# Know the ABC's of CCRC's



## Tom Young (Nov 17, 2018)

While this has been discussed before, knowing the financial part of selecting a CCRC, could have a big effect on one's finances. 
Not understanding the choices between A, B and C plans upfront could eventually cost tens to hundreds of thousands of dollars.  Not a simple decision, but one that is too often made without research.  
The basics are here: 

https://www.mylifesite.net/blog/post/choosing-a-ccrc-which-contract-model-is-best/

... but individual circumstances and planning well ahead of need is a must.  Now, 15 years in, and looking back, we made the right decision, but that was sheer luck.  Too often, the choice is made because the CCRC has become necessary, and the candidate(s) don't know there is a choice.

We live in Liberty Village, in Peru, Illinois, which is a type C contract.  There are many reasons why this has been right for us, for the past 15 years, but for others, a Type A or B, might be a better choice.


----------



## DaveA (Nov 18, 2018)

I hate to admit it but I didn't even know what CCRC meant until I looked at the attachment.

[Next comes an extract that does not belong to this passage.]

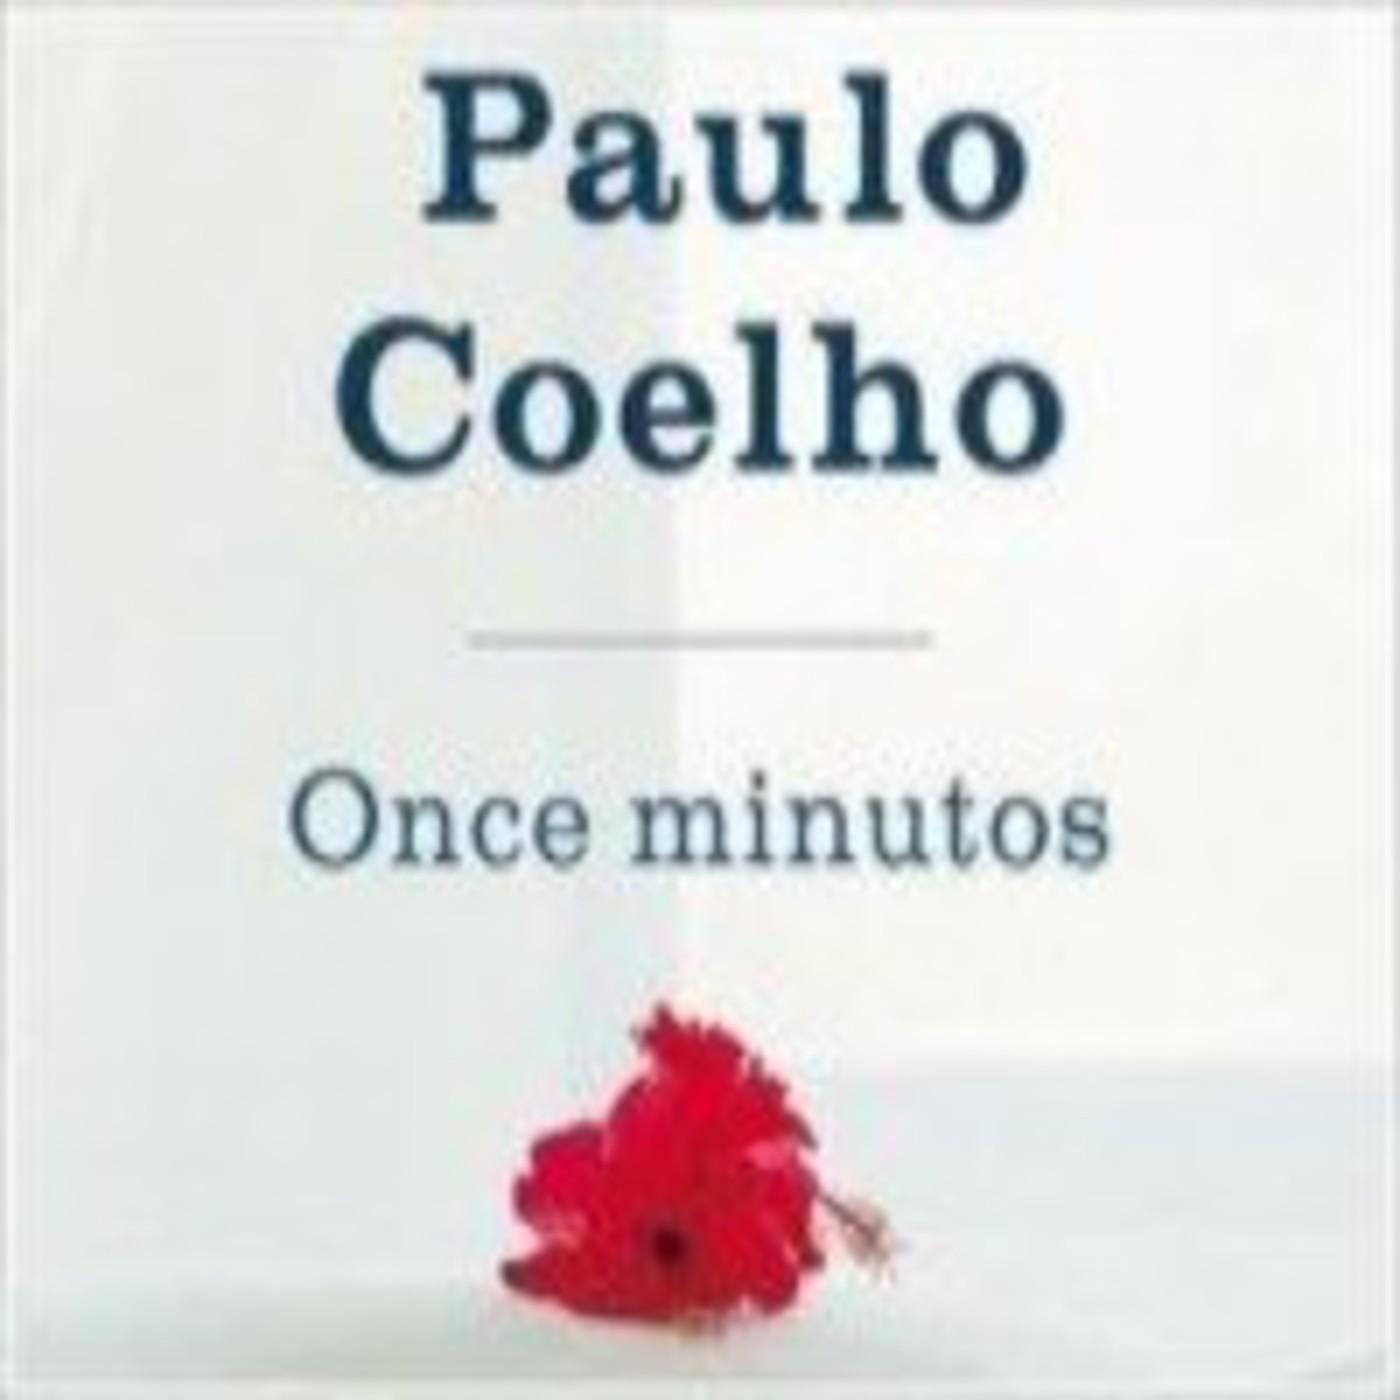 audiolibros paulo coelho once minutos

I guess that means that my planning is not at an advanced stage  but then again, I'm only 85 at the moment. Maybe I should give it some consideration.


----------



## Lethe200 (Nov 18, 2018)

Thanks, very useful site. We were aware of the CCRC types as we investigated this back in 2014 for my MIL. But there's lots of other important info on that site. 

The one about estimating costs/length of long term care was REALLY eye-opening! I run across so many people in various other forums who insist they can self-insure with no problem. This article on LTC was quite an eye-opener, even for us (we have LTCi policies).

https://www.mylifesite.net/blog/post/so-ill-probably-need-long-term-care-but-for-how-long/


----------